DATA SHOWN:
────
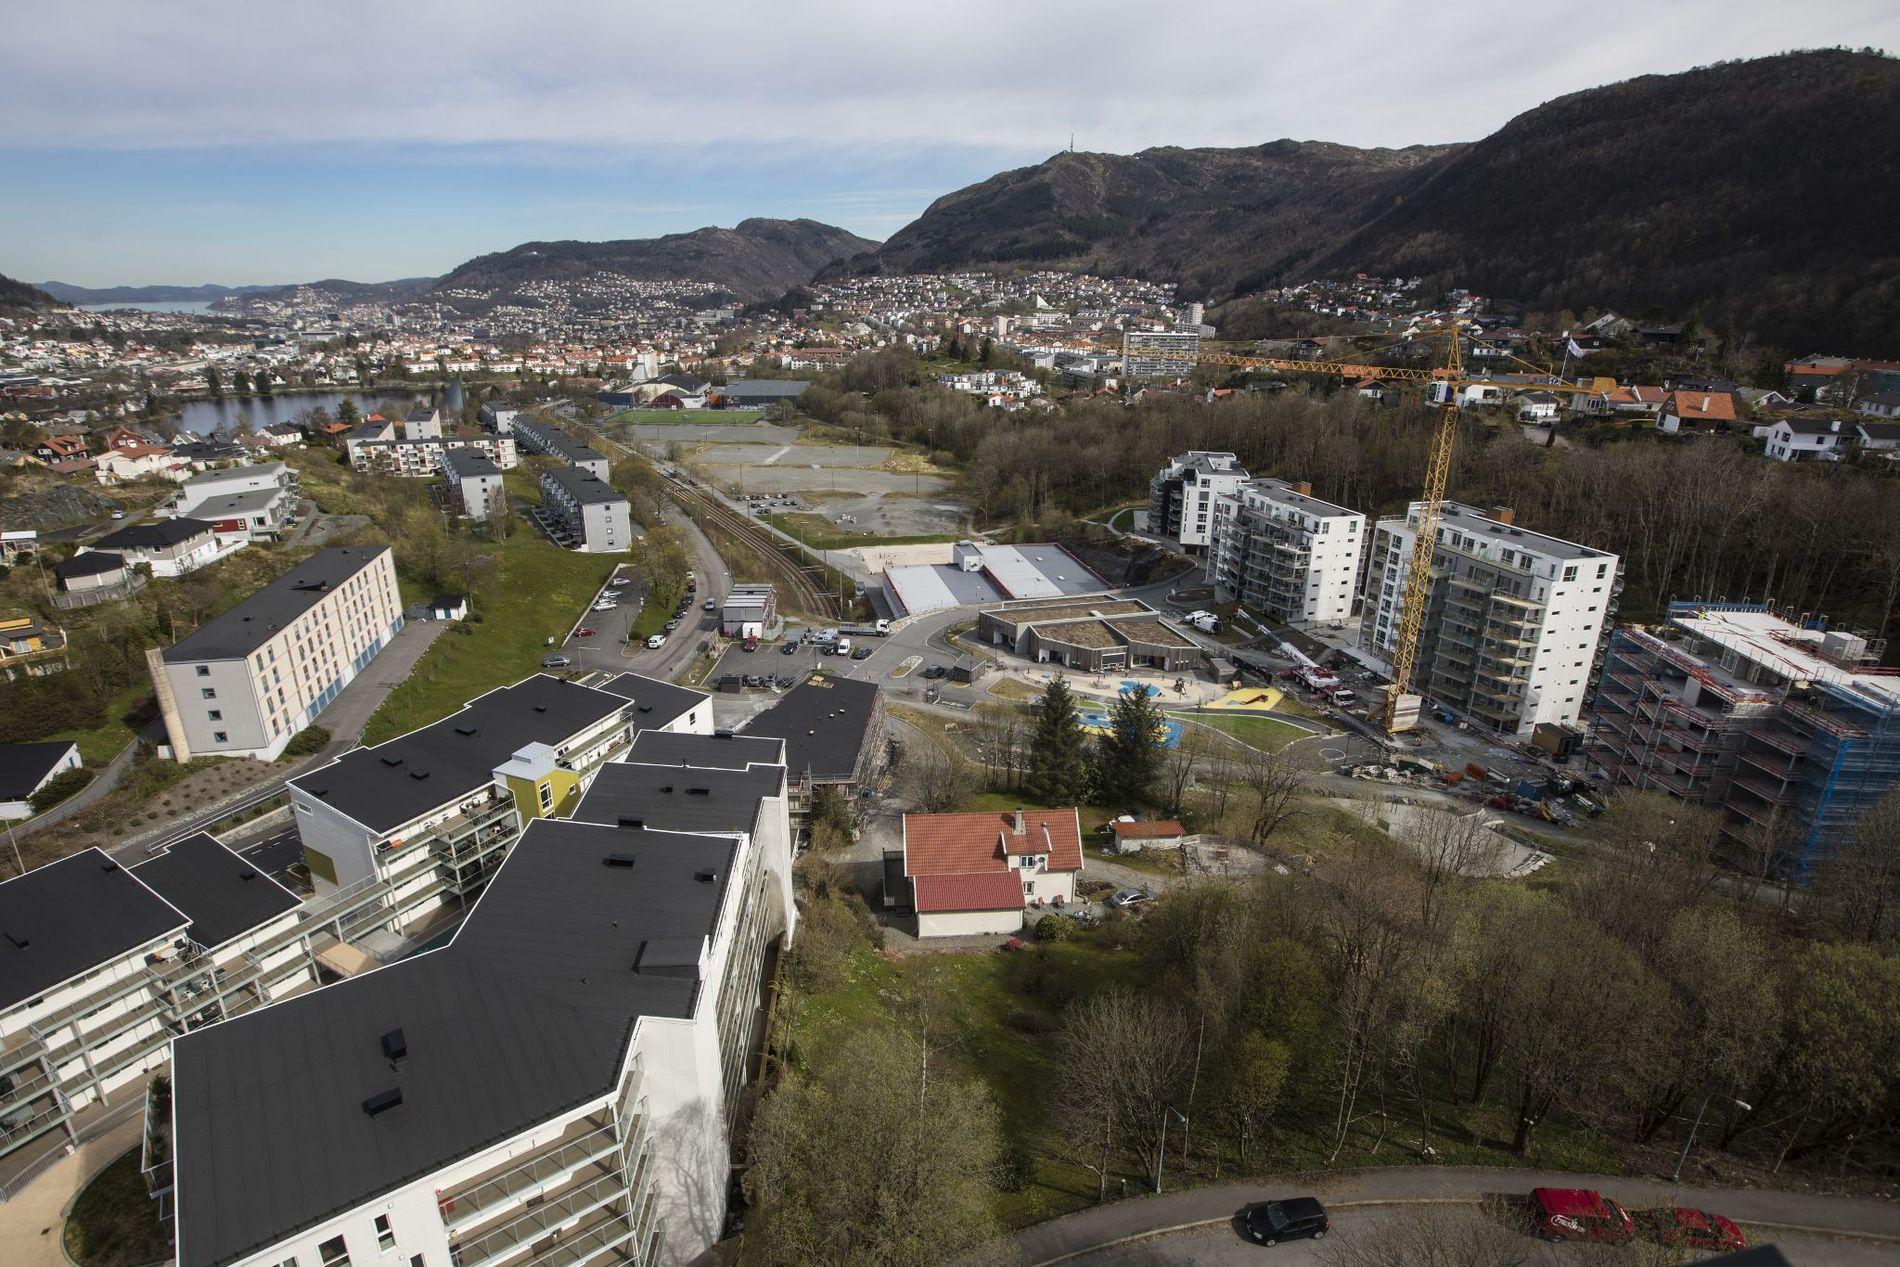 BO TETTERE: Mye videre utbygging vil måtte foregå ved at villaer med hage blir gjort om til leilighetsbygg eller andre tettere boformer, skriver innsender.
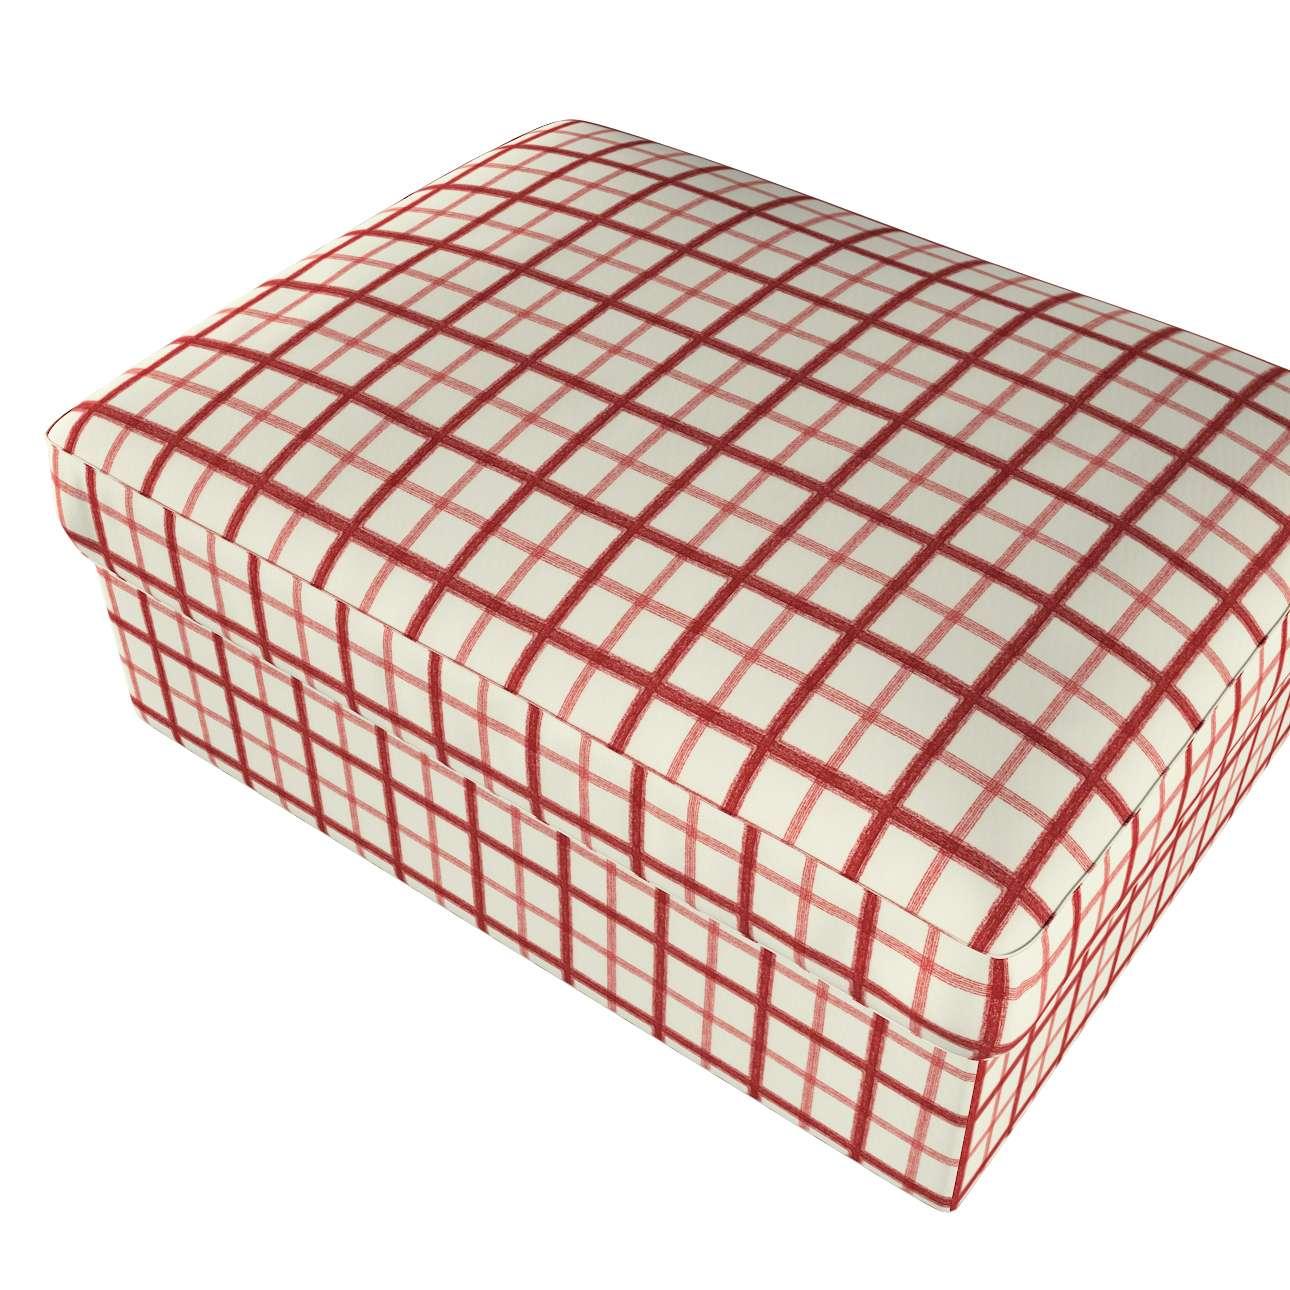 Pokrowiec na podnóżek Kivik w kolekcji Avinon, tkanina: 131-15
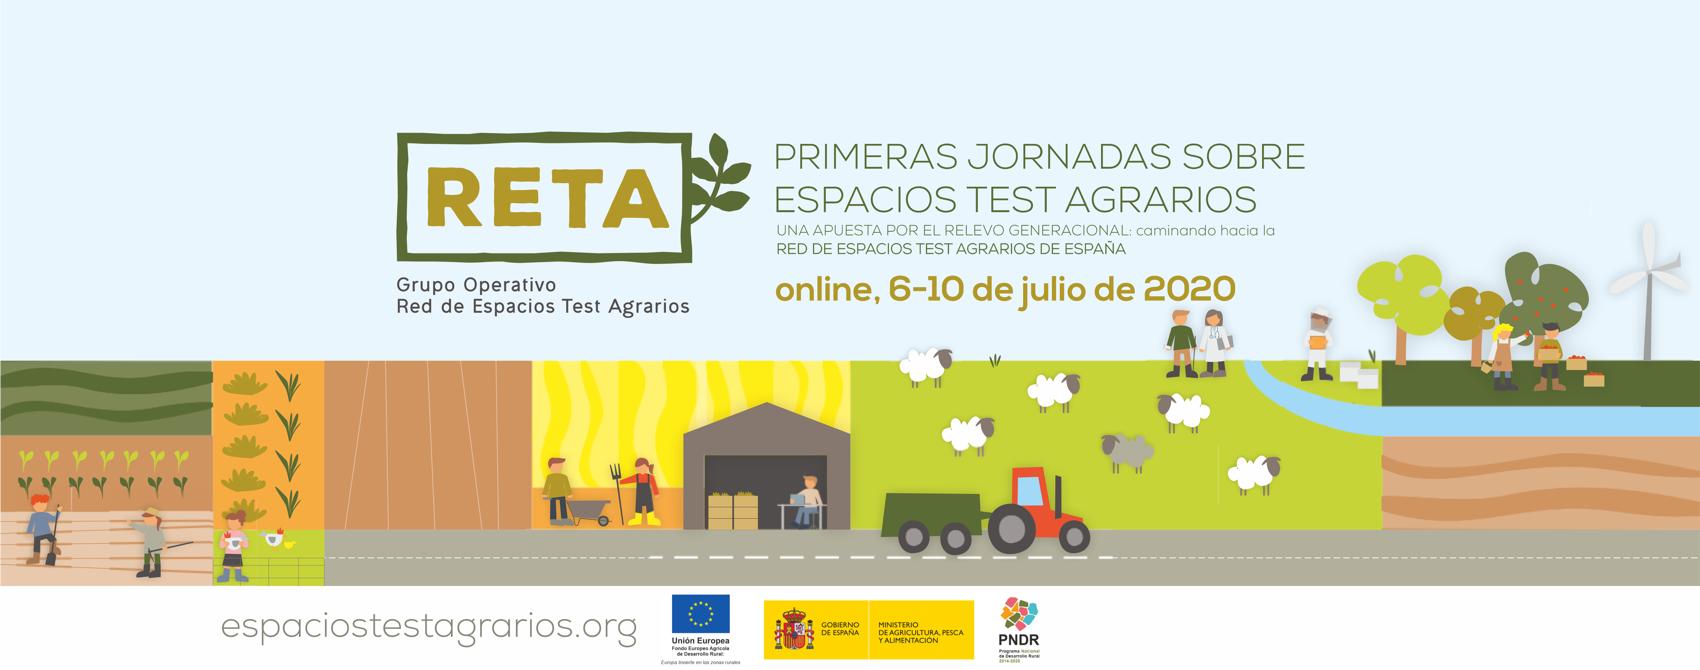 Jornadas espacios test agrarios
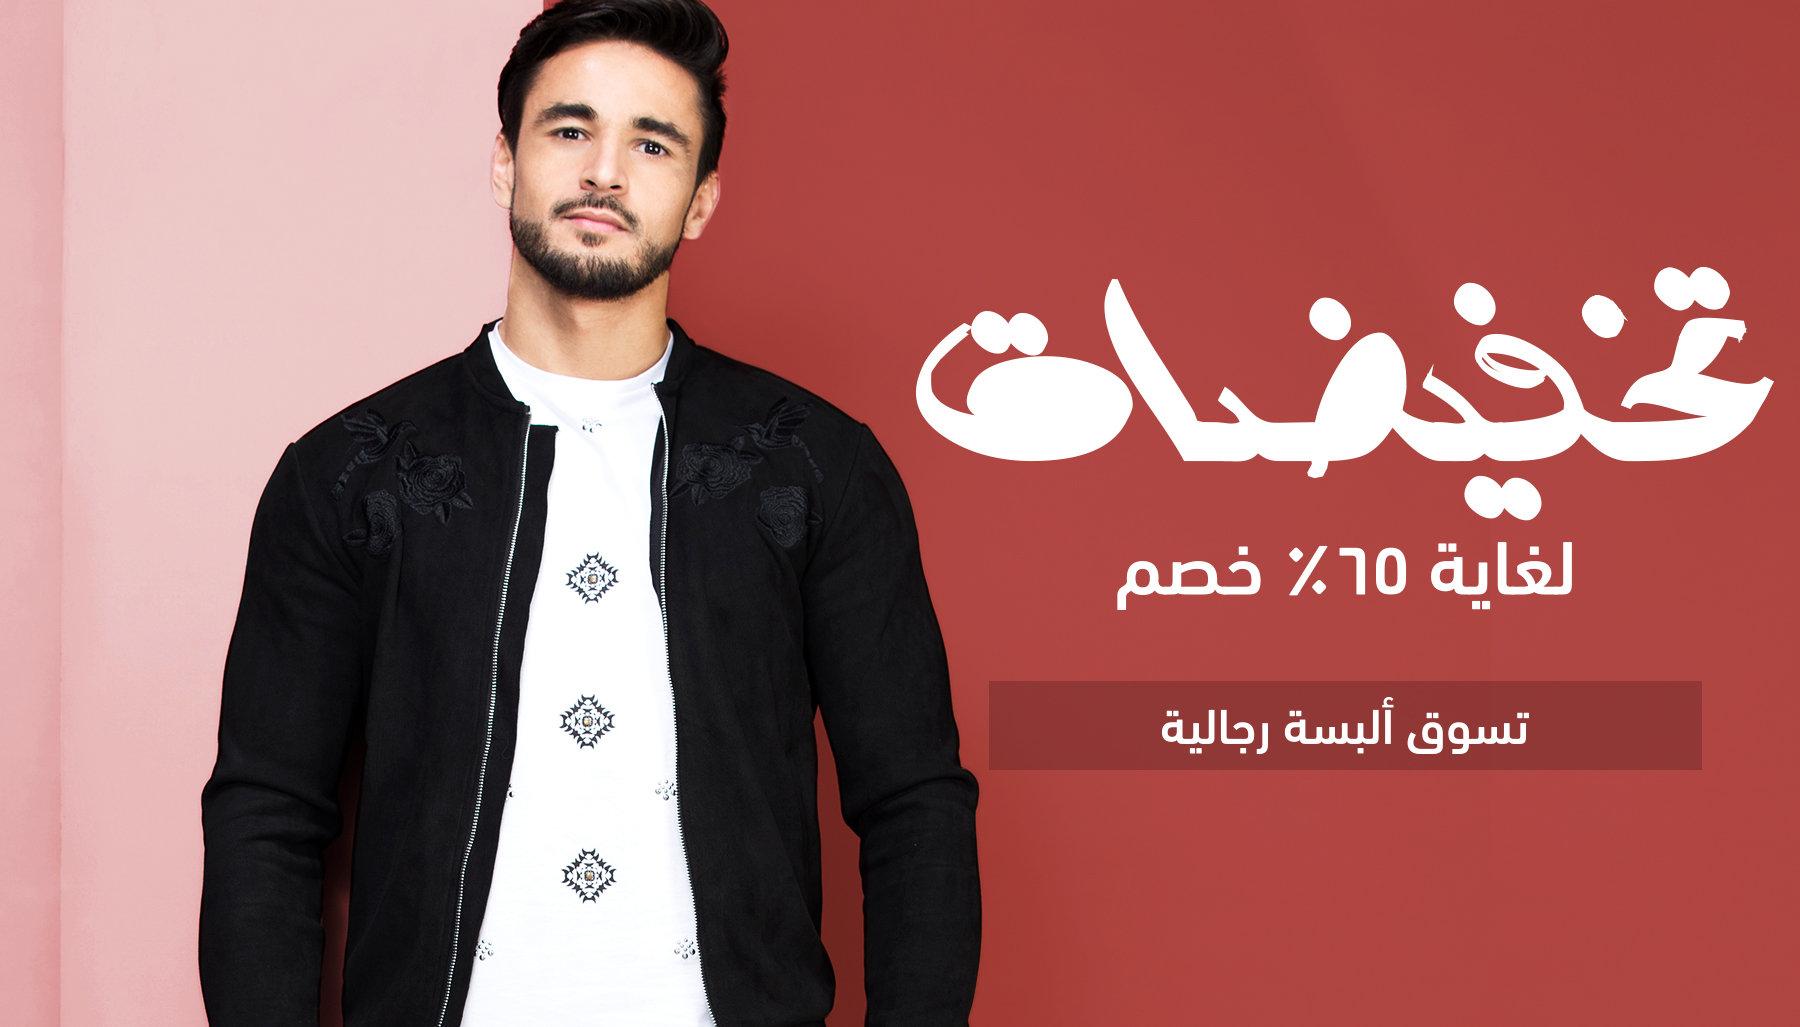 تسوق اون لاين السعودية ، تجربة الشراء من موقع بيسك Basicxx للملابس
────
TASK PROMPT: What is needed is a word-for-word copy of the data above, free of any images.

TASK ANSWER:
 BO TETTERE: Mye videre utbygging vil måtte foregå ved at villaer med hage blir gjort om til leilighetsbygg eller andre tettere boformer, skriver innsender.
 Pokrowiec na podnóżek Kivik w kolekcji Avinon, tkanina: 131-15
 Jornadas espacios test agrarios
 تسوق اون لاين السعودية ، تجربة الشراء من موقع بيسك Basicxx للملابس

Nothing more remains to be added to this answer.